> _Collected material_

-------------------------

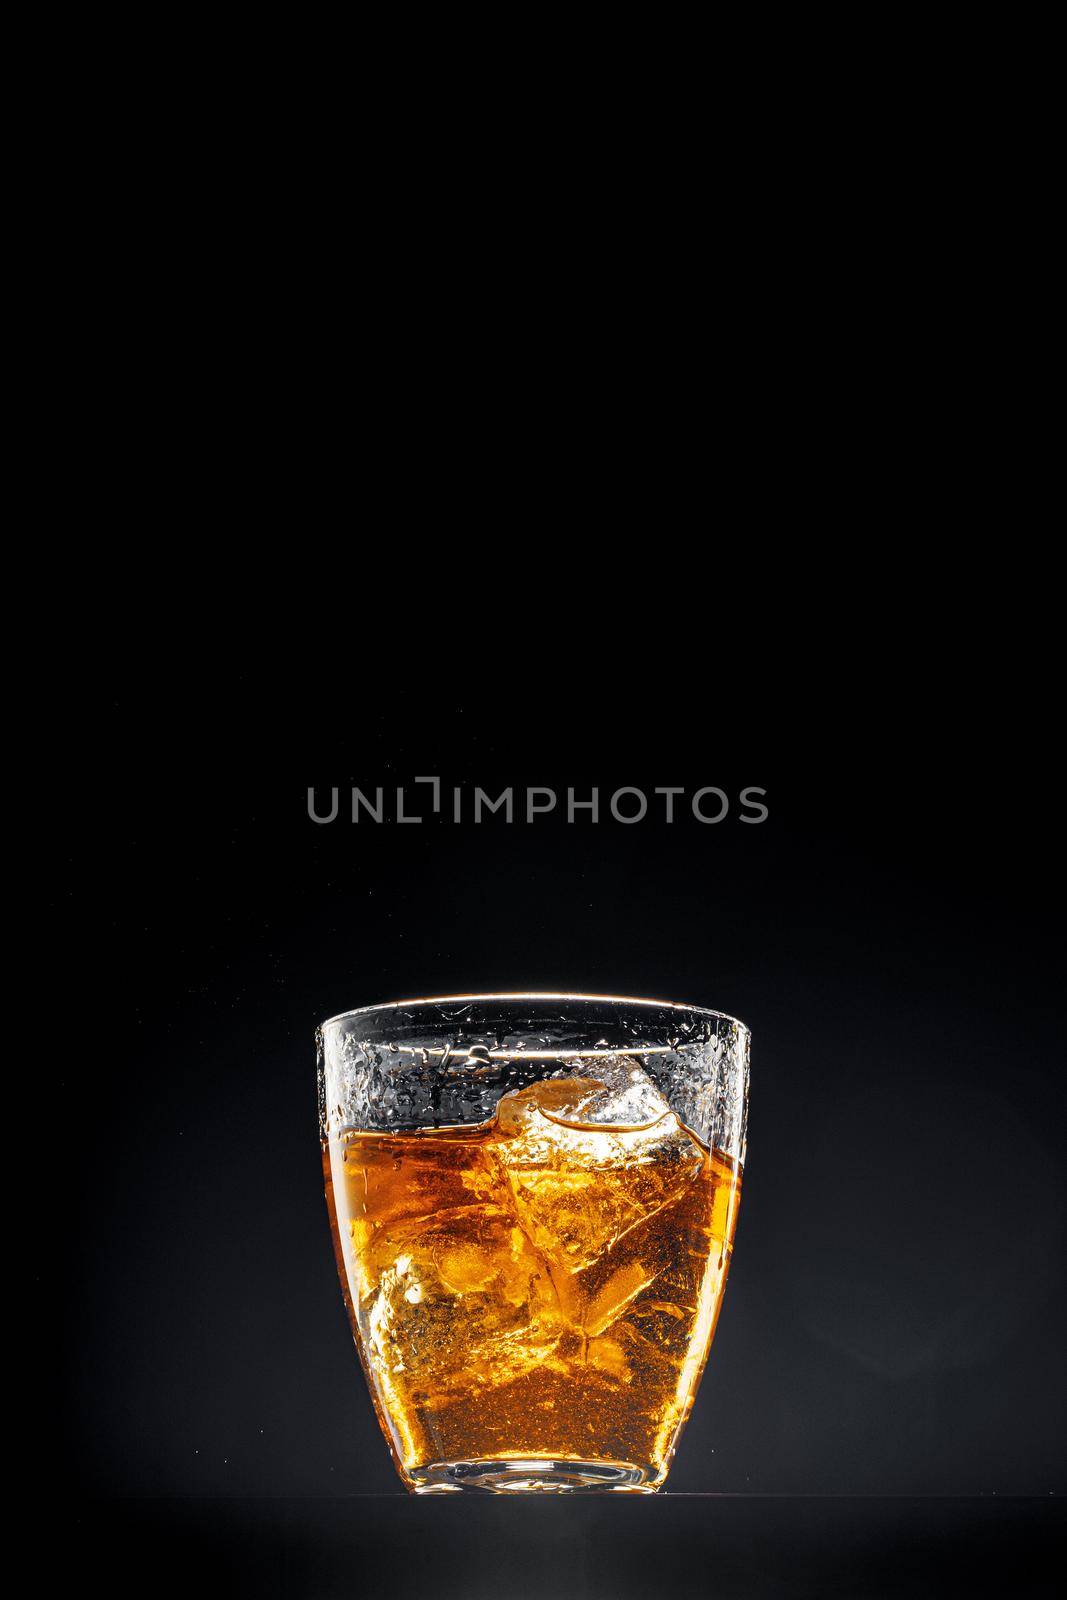 Glass of whisky on black background, copy space by Fabrikasimf
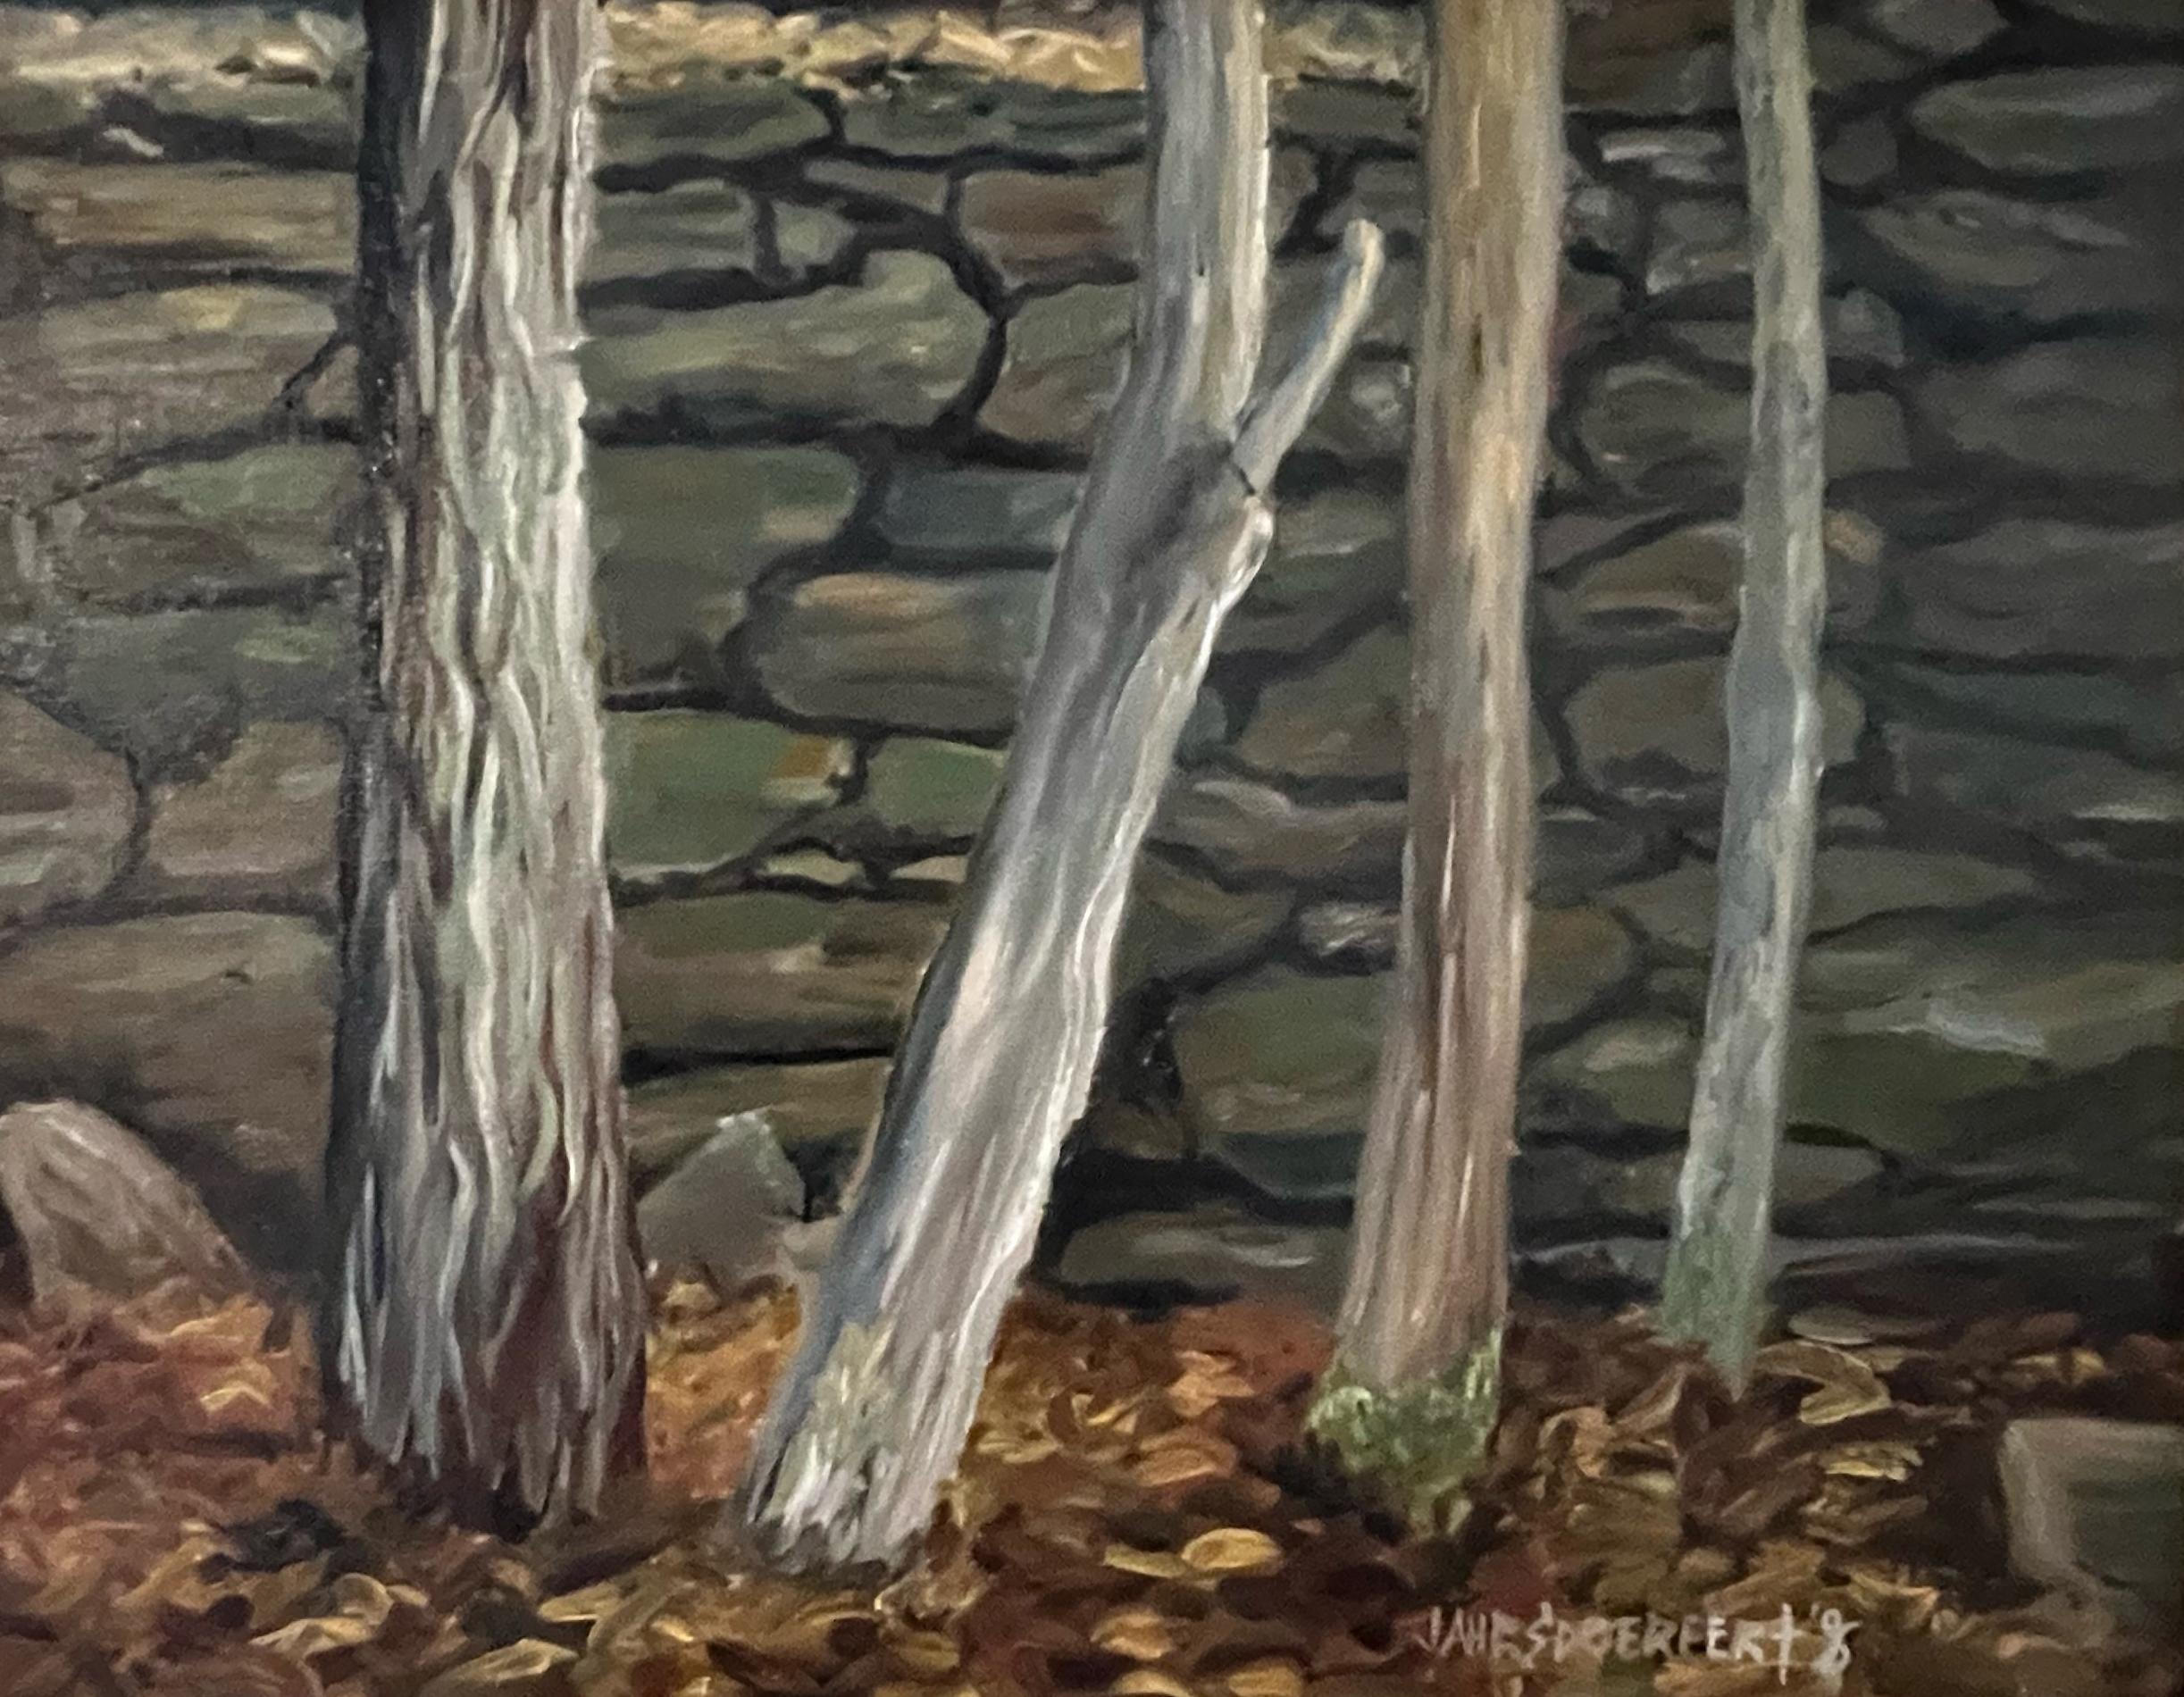 James Jahrsdoerfer, "Vermont Wall", Tree Rock Wall Oil Painting on Canvas
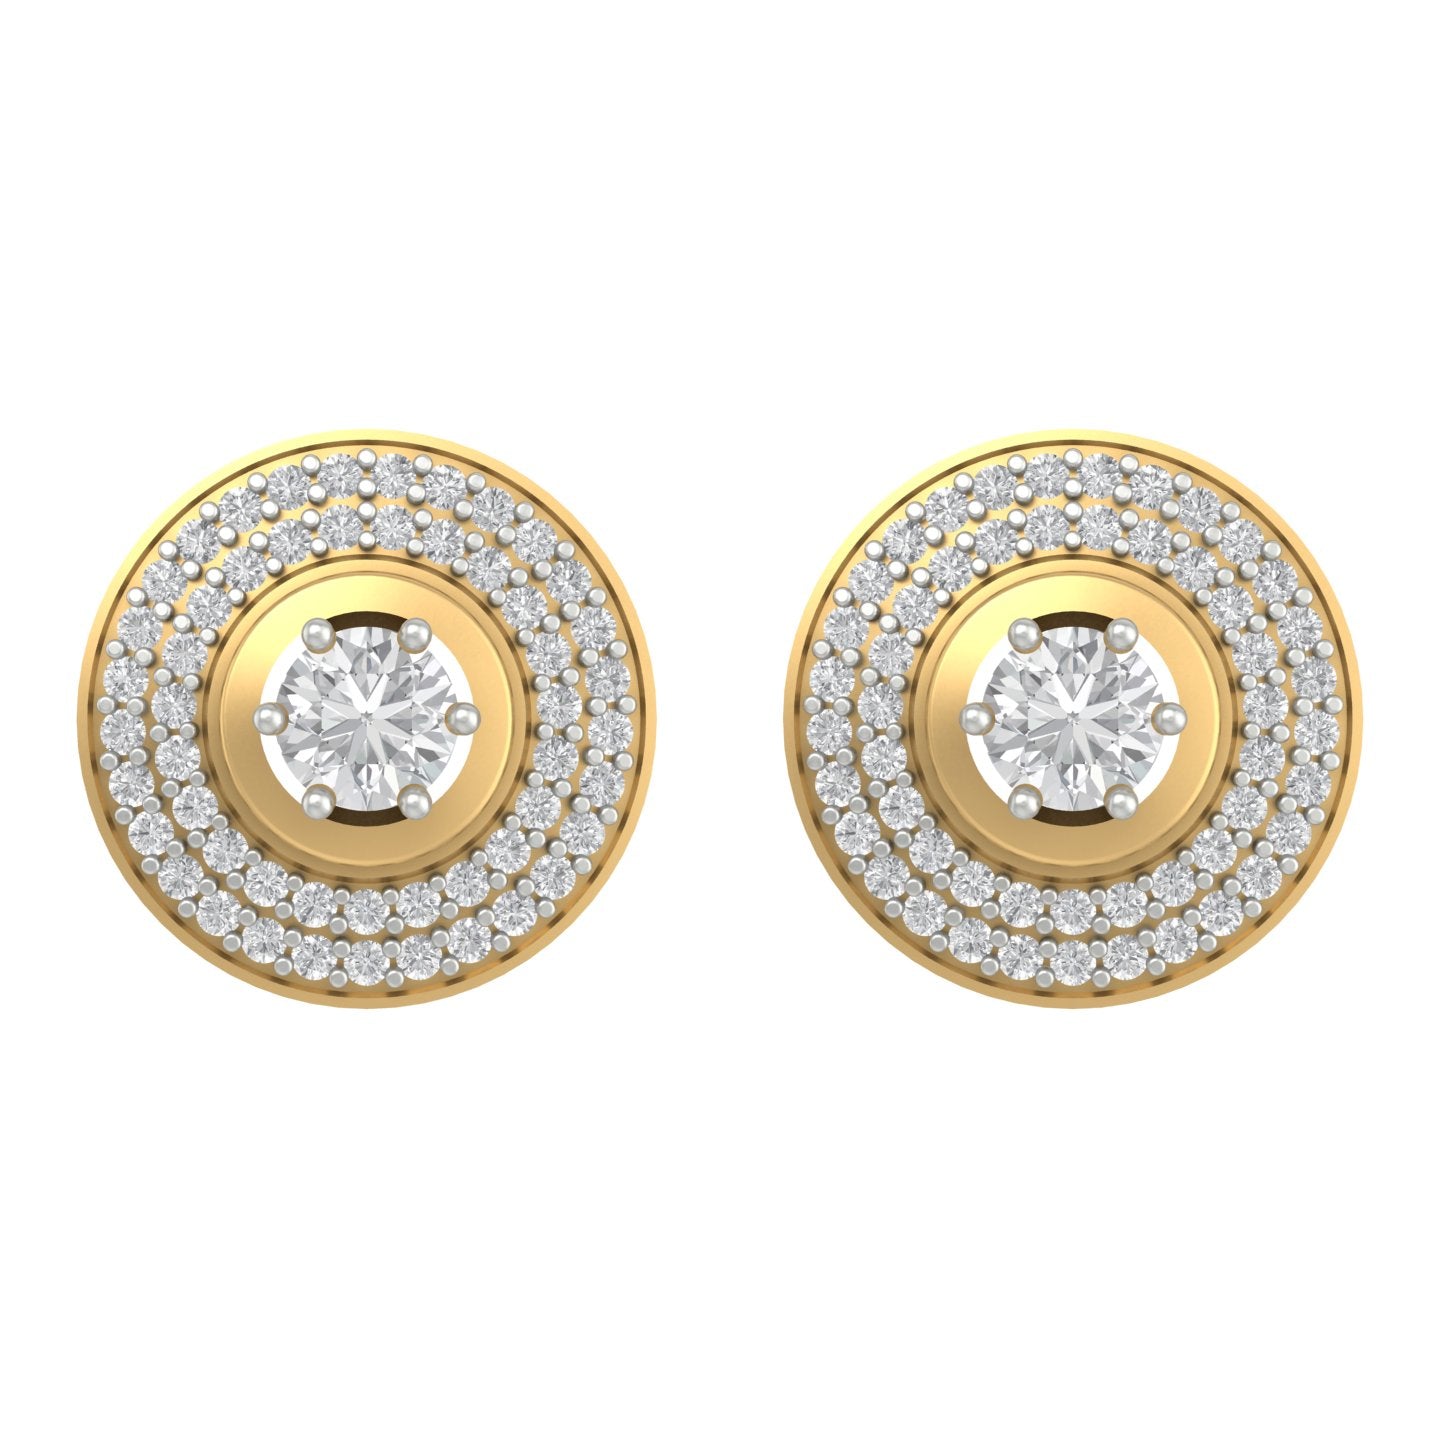 Round Halo Cubic Zirconia Stud Earrings – Connie Craig Carroll Style

-------------------------

> _Description of the task_
Restate every line of the listing exactly. Pictures are not part of the copy.

> _Result of the task_
 Glass of whisky on black background, copy space by Fabrikasimf
 James Jahrsdoerfer, "Vermont Wall", Tree Rock Wall Oil Painting on Canvas
 Round Halo Cubic Zirconia Stud Earrings – Connie Craig Carroll Style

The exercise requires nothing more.